Winter Is here (again): The predictable A&E Crisis no one solves..

Ah, Christmas, a time of tradition. Carol services, Slade on the radio, stressed shoppers in M&S and the BBC’s Marie-Louise Connolly standing in a hospital A&E unit expressing grave concern as trolleys of patients on trollies pile up around her.

At this stage, the annual A&E crisis is darkly farcical. I mean, who could predict winter? You know that season that happens every year? There has been a winter A&E crisis for at least the last 10 years, and we act like it’s something new every time.

The frustrating thing is everyone knows what the problems are:

  • Not enough people take the flu and other vaccines, and then they are surprised when they get the flu and end up in hospital.
  • Anxious patients go to A&E because they don’t have the patience or common sense to stay in bed and let whatever bug they have pass.
  • Patients pitching up in A&E because they can’t see their GP.
  • And the big one. Bed blocking. There is not enough social care to discharge patients, so they end up staying in the hospital. More than 500 people considered medically fit were unable to be sent home from Northern Ireland’s hospitals on Sunday night.

The health service should ask Toyota nicely if they can borrow one of their executives. What on earth has the world’s number one car company got to do with health, I hear you ask? Well, it’s all to do with processes. Toyota is number one for a reason. Over decades, they have continually refined their processes for making cars to a massive, efficient process. Every business school student learns about Toyota and their Just in Time manufacturing and Total Quality Management—their obsessive commitment to continually improving every element of the process.

In Northern Ireland, we have embraced the management culture of “Task deferral optimisation” – that is, management speaks for skillfully postponing everything. Heath service managers engage in “Dynamic inaction” – Staying busy… by avoiding actual decisions. “Strategic idling” – Waiting for the perfect moment not to act. “Outcome-independent stakeholder alignment” – Endless meetings and no action. “Reactive productivity avoidance” – Only springing into action when someone notices. I could go on, but you get the idea.

To improve the health service you need to zoom out and look at the entire process. How patients flow through the system, where the blockages are and how the process can be improved.

We don’t even need the wee Japanese fella from Toyota.

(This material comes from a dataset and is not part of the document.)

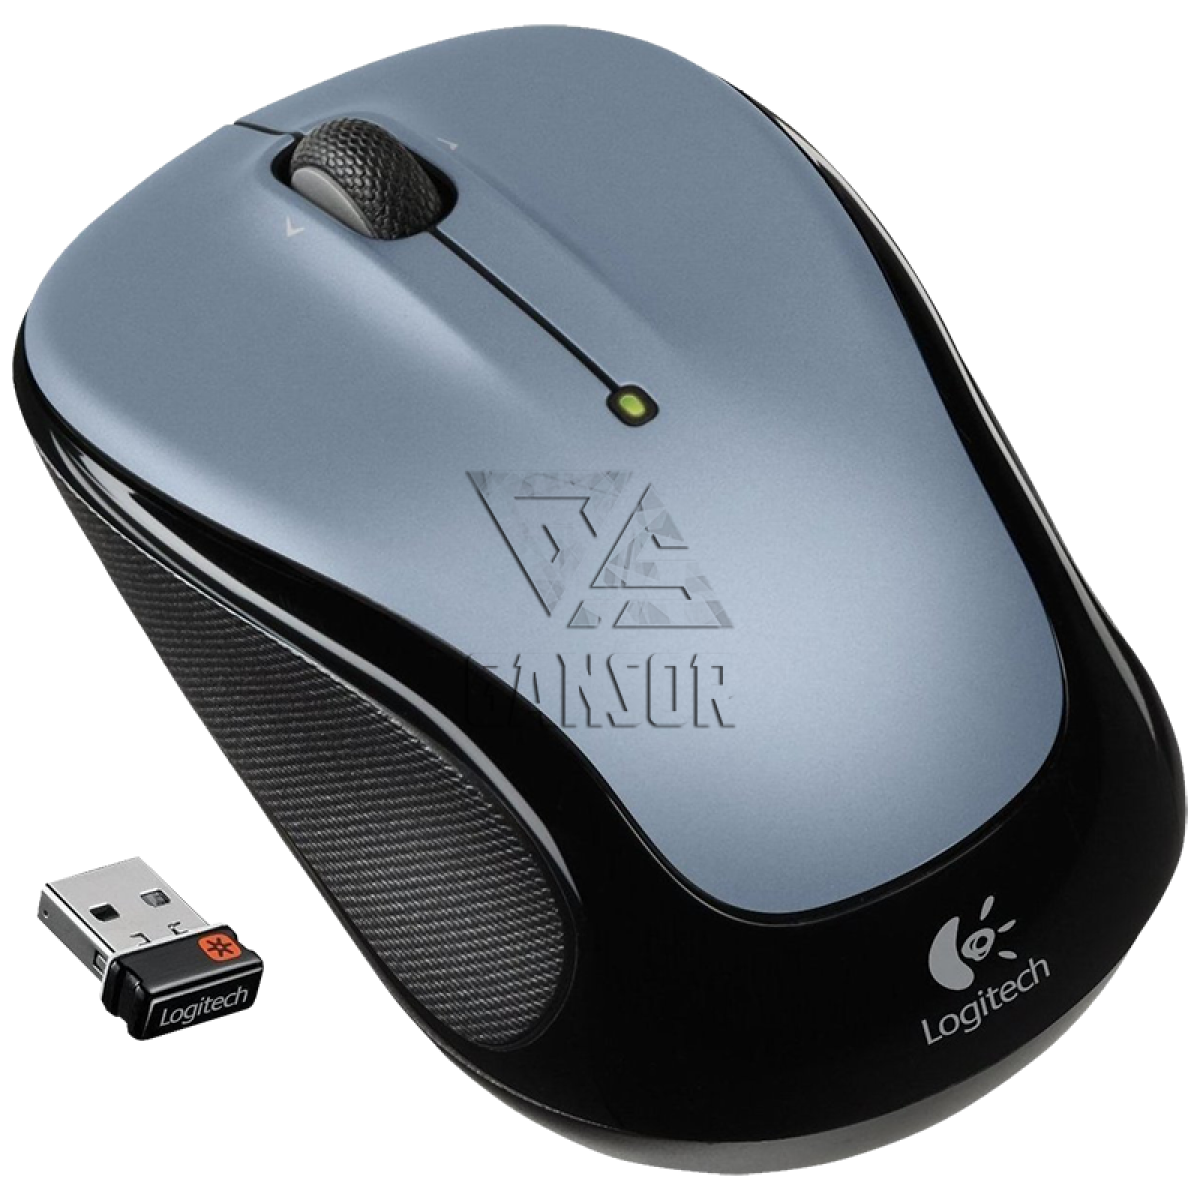 Какая беспроводная мышь лучше. Logitech Wireless Mouse m325. Logitech беспроводная мышь ь325. Logitech m325 Limited. Мышь беспроводная Logitech m325 Dark Silver.

The health service is full of smart people who rightly know how to improve the system. The problem is that no one listens to them, and they don’t have the power to make the necessary changes. Instead, we have a battle of Stalingrad approach to the crisis where we shove the poor doctors and nurses to the front lines and hope they survive the onslaught.

Well, patients and health service workers are sick of this bullsh*t every year, nay every day.

Would someone somewhere in this f*cking place make a f*cking decision for f*cks sake.